Description of the task →
For the material below, reproduce exactly each line from the one that has "Image showing MA" through the one that has "Heavy traffic on", and no others; pictures stay out.

Records to process →
►
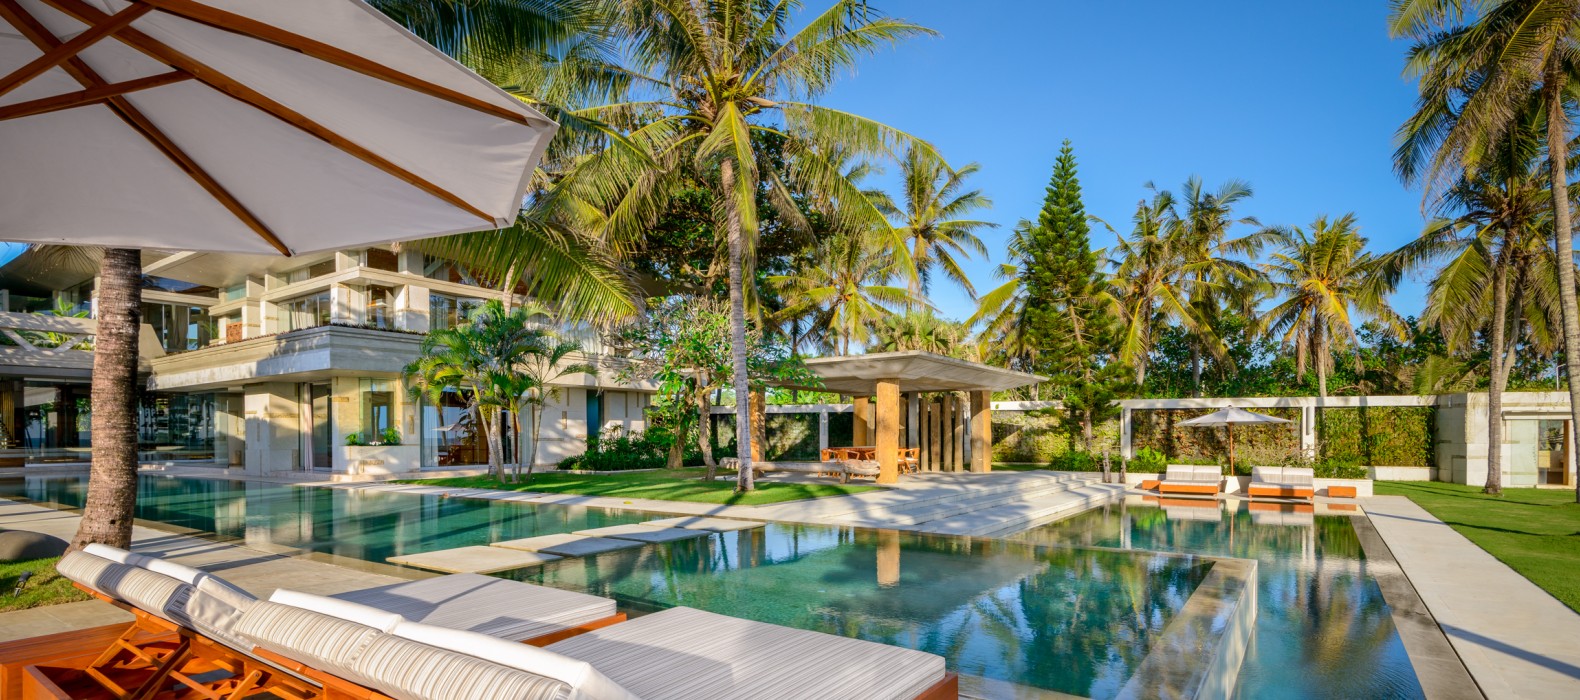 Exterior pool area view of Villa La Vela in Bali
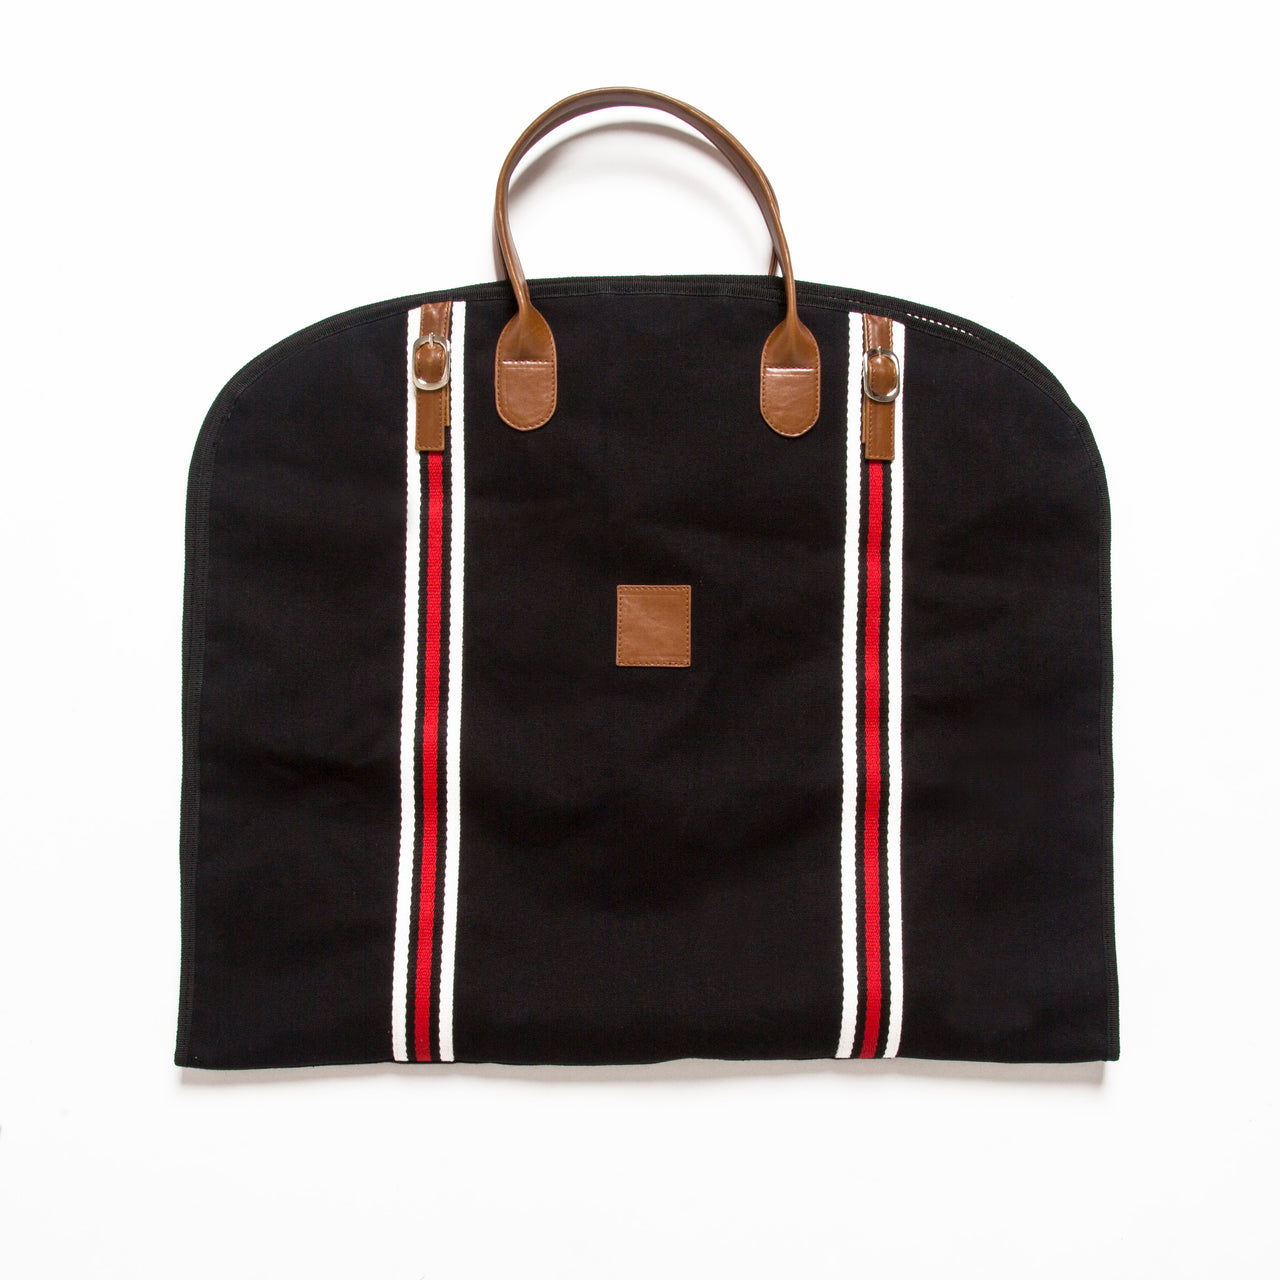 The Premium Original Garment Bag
◄
►
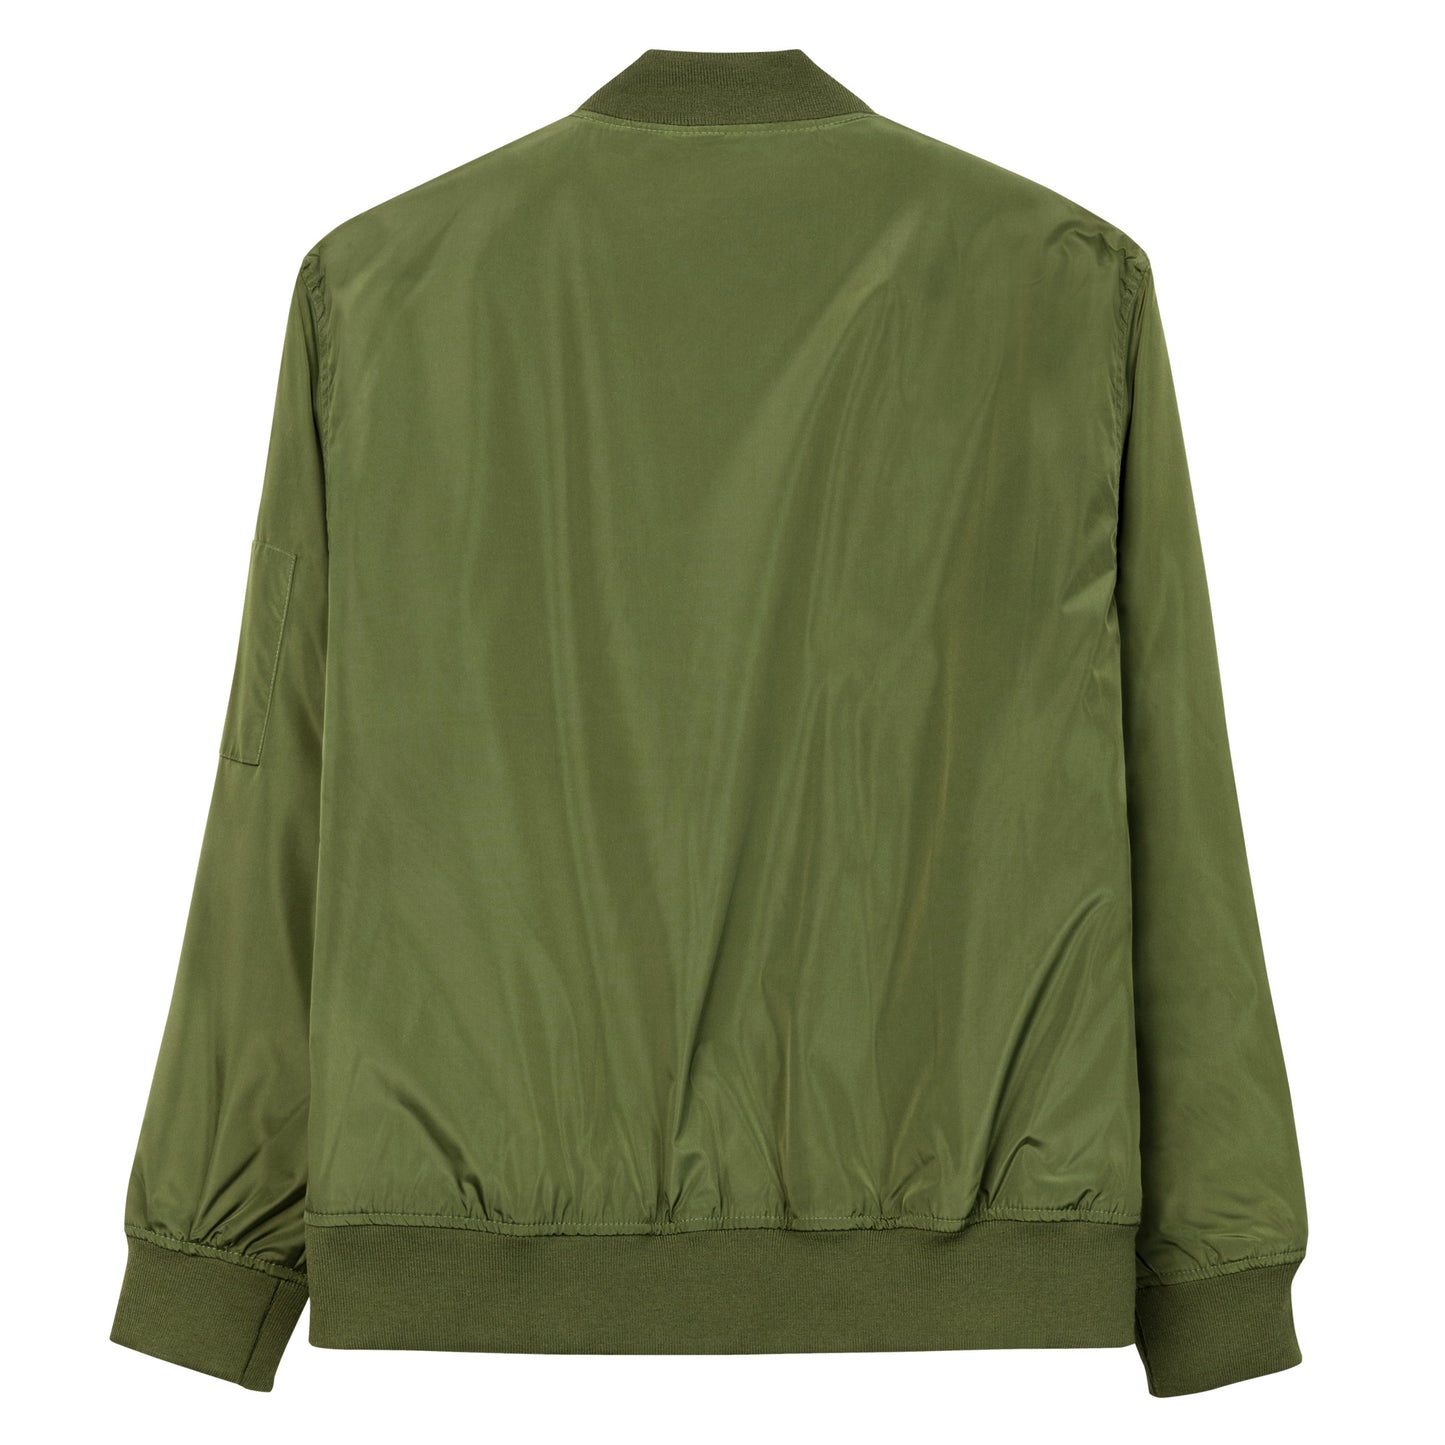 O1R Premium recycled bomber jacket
◄
►
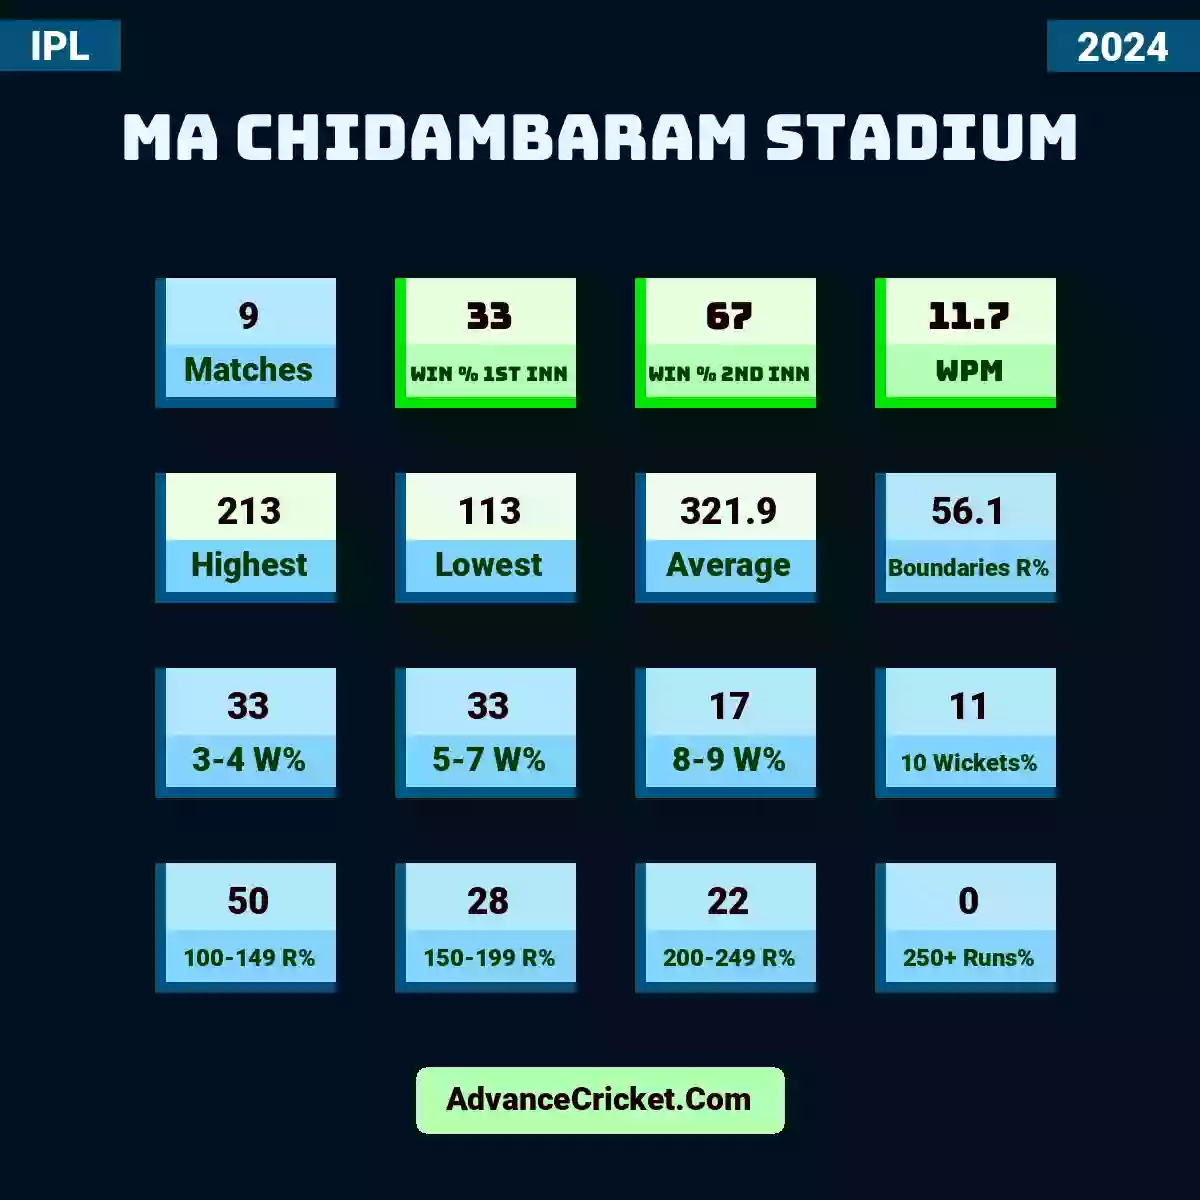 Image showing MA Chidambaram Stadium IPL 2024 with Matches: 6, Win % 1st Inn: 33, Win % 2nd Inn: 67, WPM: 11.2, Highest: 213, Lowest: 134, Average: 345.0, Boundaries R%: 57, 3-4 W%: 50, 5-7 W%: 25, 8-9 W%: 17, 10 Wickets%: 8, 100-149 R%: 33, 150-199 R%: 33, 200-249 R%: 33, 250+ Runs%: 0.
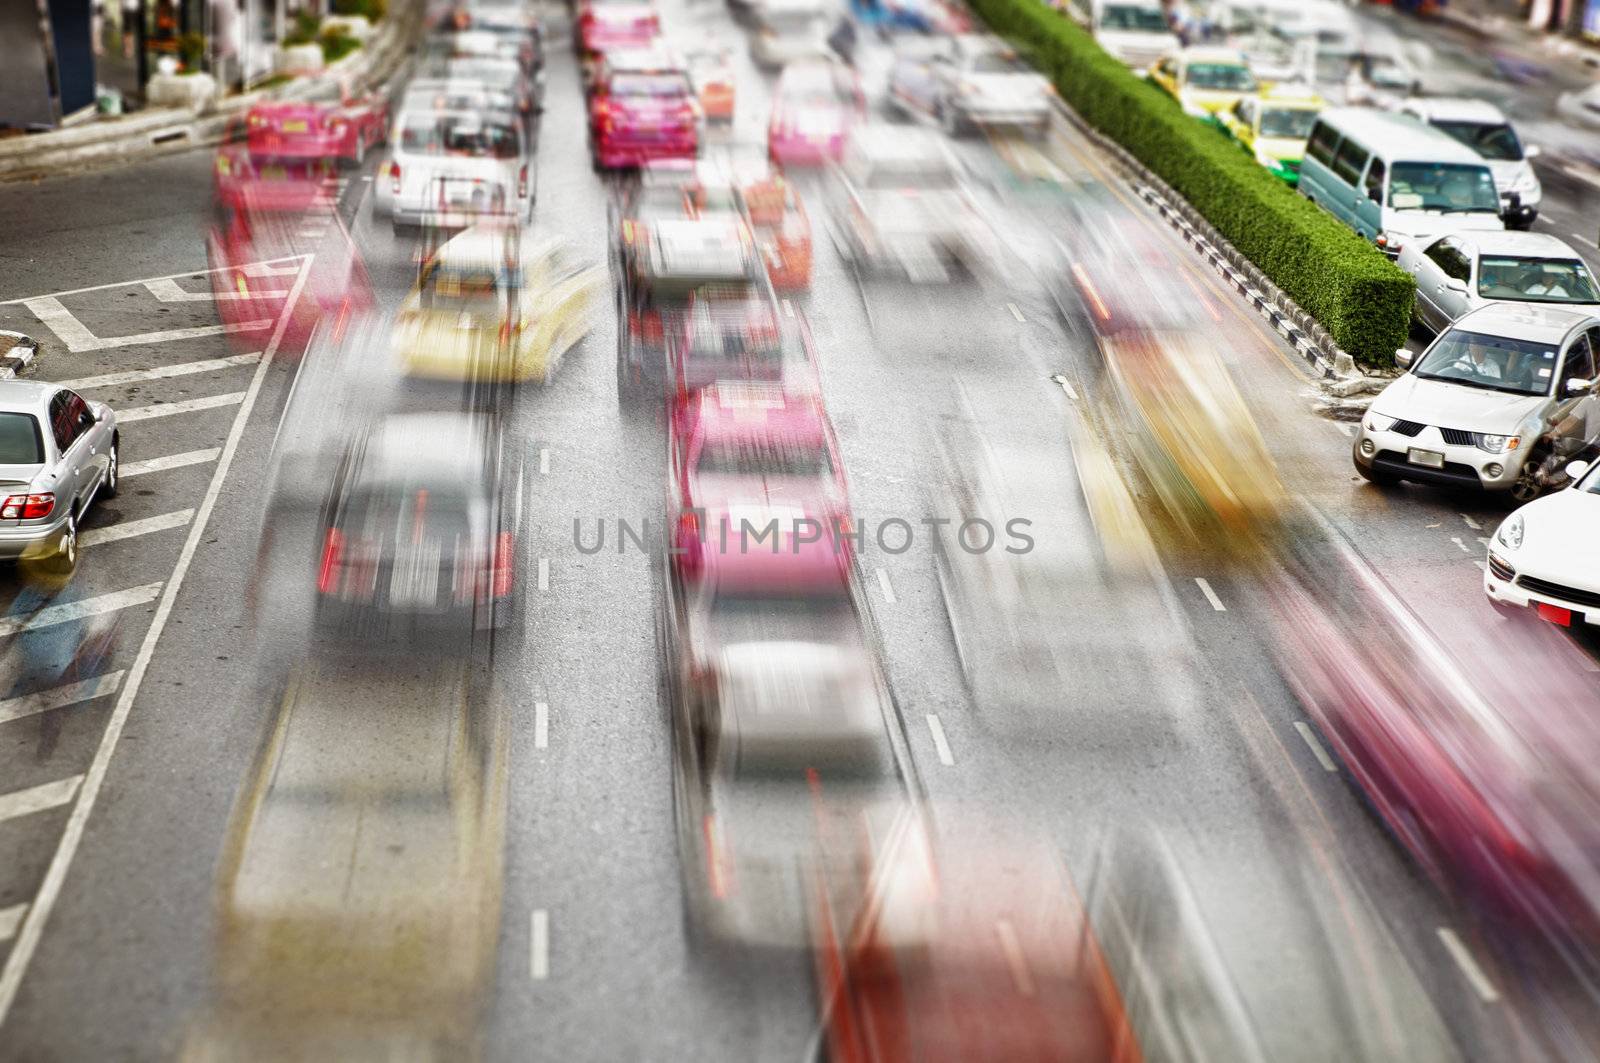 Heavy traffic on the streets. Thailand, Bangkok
◄
Solution for this task →
 Image showing MA Chidambaram Stadium IPL 2024 with Matches: 6, Win % 1st Inn: 33, Win % 2nd Inn: 67, WPM: 11.2, Highest: 213, Lowest: 134, Average: 345.0, Boundaries R%: 57, 3-4 W%: 50, 5-7 W%: 25, 8-9 W%: 17, 10 Wickets%: 8, 100-149 R%: 33, 150-199 R%: 33, 200-249 R%: 33, 250+ Runs%: 0.
 Heavy traffic on the streets. Thailand, Bangkok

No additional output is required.